SOA 和共享数据库
我不懂SOA(面向服务的架构)和数据库。虽然我被 SOA 概念(将可重用的业务逻辑封装到服务中)所吸引,但我无法弄清楚如果其他服务/系统需要封装在服务中的数据表,或者 SOA 是否合适,那么它应该如何工作<在这种情况下根本没有吗?
更具体地说,假设我有两个服务:
CustomerService
:包含我的Customers
数据库表和关联的业务逻辑。OrderService
:包含我的Orders
表和逻辑。
现在,如果我需要使用 SQL 语句JOIN
Customers
和 Orders
表怎么办?如果表包含数百万个条目,如果我必须使用 SOAP/XML 通过网络发送数据,将会导致不可接受的性能。以及如何执行JOIN
?
做了一些研究,我发现了一些建议的解决方案:
- 使用复制 制作本地副本在需要的地方提供所需的数据。但是如果没有封装,那么使用SOA还有什么意义呢? StackOverflow对此进行了讨论,但尚未达成明确的共识。
- 设置封装所有数据库数据的主数据服务。我猜它会变得巨大(基本上每个存储过程都有一个 API 调用)并且需要一直更新。对我来说,这似乎与企业数据总线概念有关。
如果您对此有任何意见,请告诉我。
I don't understand SOA (Service-oriented Architecture) and databases. While I'm attracted by the SOA concept (encapsulating reusable business logic into services) I can't figure out how it's supposed to work if data tables encapsulated in a service are required by other services/systems---or is SOA suitable at all in this scenario?
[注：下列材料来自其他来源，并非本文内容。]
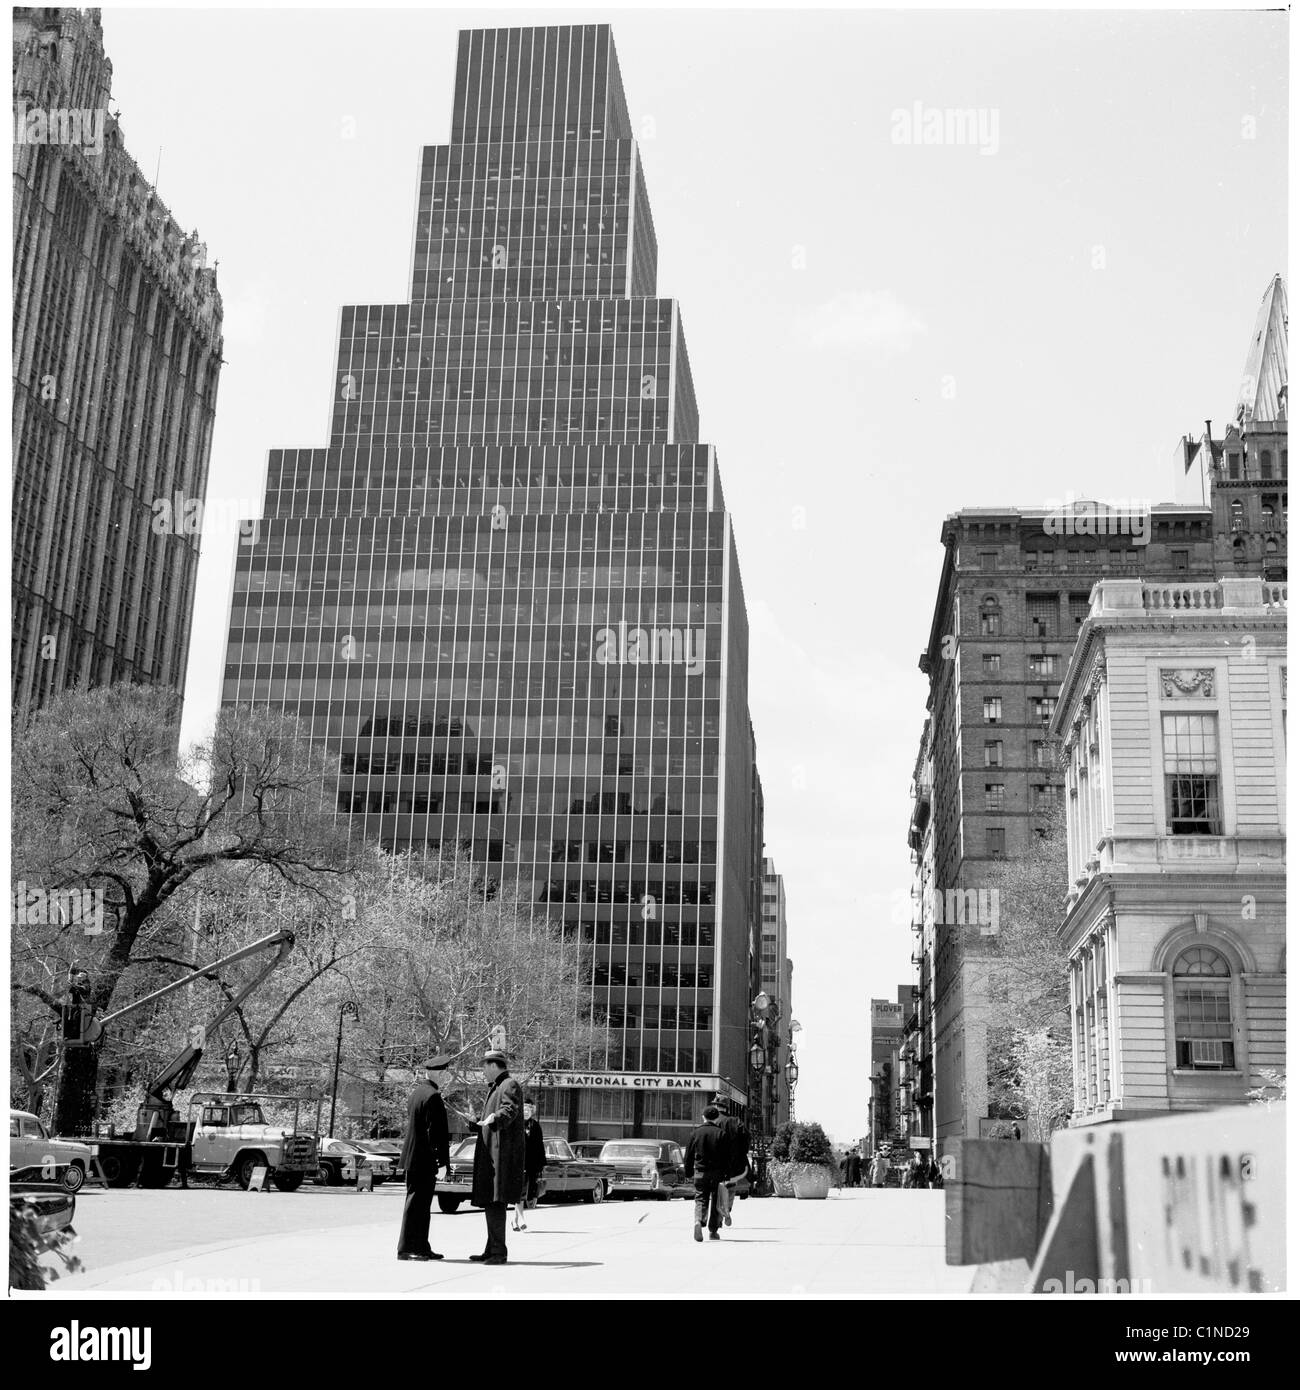 1950er Jahren New York. Skyrise Gebäude in New York City wie in den 1950er Jahren, in diesem historischen Bild von J Allan Cash zu sehen. Stockfoto

To be more concrete, suppose I have two services:
CustomerService
: contains myCustomers
database table and associated business logic.OrderService
: contains myOrders
table and logic.
Now what if I need to JOIN
the Customers
and Orders
tables with an SQL statement? If the tables contain millions of entries, unacceptable performance would result if I have to send the data over the network using SOAP/XML. And how to perform the JOIN
?
Doing a little research, I have found some proposed solutions:
- Use replication to make a local copy of the required data where needed. But then there's no encapsulation and then what's the point of using SOA? This is discussed on StackOverflow but there's no clear consensus.
- Set up a Master Data Service which encapsulates all database data. I guess it would get monster sized (with essentially one API call for each stored procedure) and require updates all the time. To me this seems related to the enterprise data bus concept.
If you have any input on this, please let me know.
如果你对这篇内容有疑问,欢迎到本站社区发帖提问 参与讨论,获取更多帮助,或者扫码二维码加入 Web 技术交流群。
绑定邮箱获取回复消息
由于您还没有绑定你的真实邮箱,如果其他用户或者作者回复了您的评论,将不能在第一时间通知您!
发布评论
评论(3)
在这种情况下,“服务”的定义原则之一是它绝对拥有其负责的区域中的数据以及对该数据的操作。
通过复制或任何其他机制复制数据就放弃了这种责任。要么您也复制业务规则,要么最终会遇到需要更新其他服务来更改内部规则的情况。
使用单一数据服务只是“不做SOA”;如果您有一个位置来管理所有数据,那么您就没有独立的服务,而只有一项服务。
相反,我建议使用第三种选择:使用组合将数据组合在一起,完全避免数据库级别的 JOIN 操作。
不要考虑需要在数据库中将这两个值连接在一起,而是考虑如何在边缘将它们组合在一起:
当您为客户呈现 HTML 页面时,您可以从多个服务提供 HTML 并将它们彼此组合在一起直观上:客户详细信息来自客服,订单详细信息来自订单服务。
同样,发票电子邮件:以可视方式编写从多个服务提供的数据,无需数据库内连接。
这样做有两个好处:一、不需要加入数据库,甚至不需要将数据存储在同一类型的数据库中。现在,每个服务都可以使用最适合其需求的任何数据存储。
第二,您可以更轻松地更改应用程序的外部。如果您有小型可组合部件,您可以轻松添加以新方式重新排列部件。
One of the defining principals of a "service" in this context is that it owns, absolutely, that data in the area it is responsible for, as well as operations on that data.
Copying data, through replication or any other mechanism, ditches that responsibility. Either you replicate the business rules, too, or you will eventually wind up in a situation where you wind up needing the other service updated to change your internal rules.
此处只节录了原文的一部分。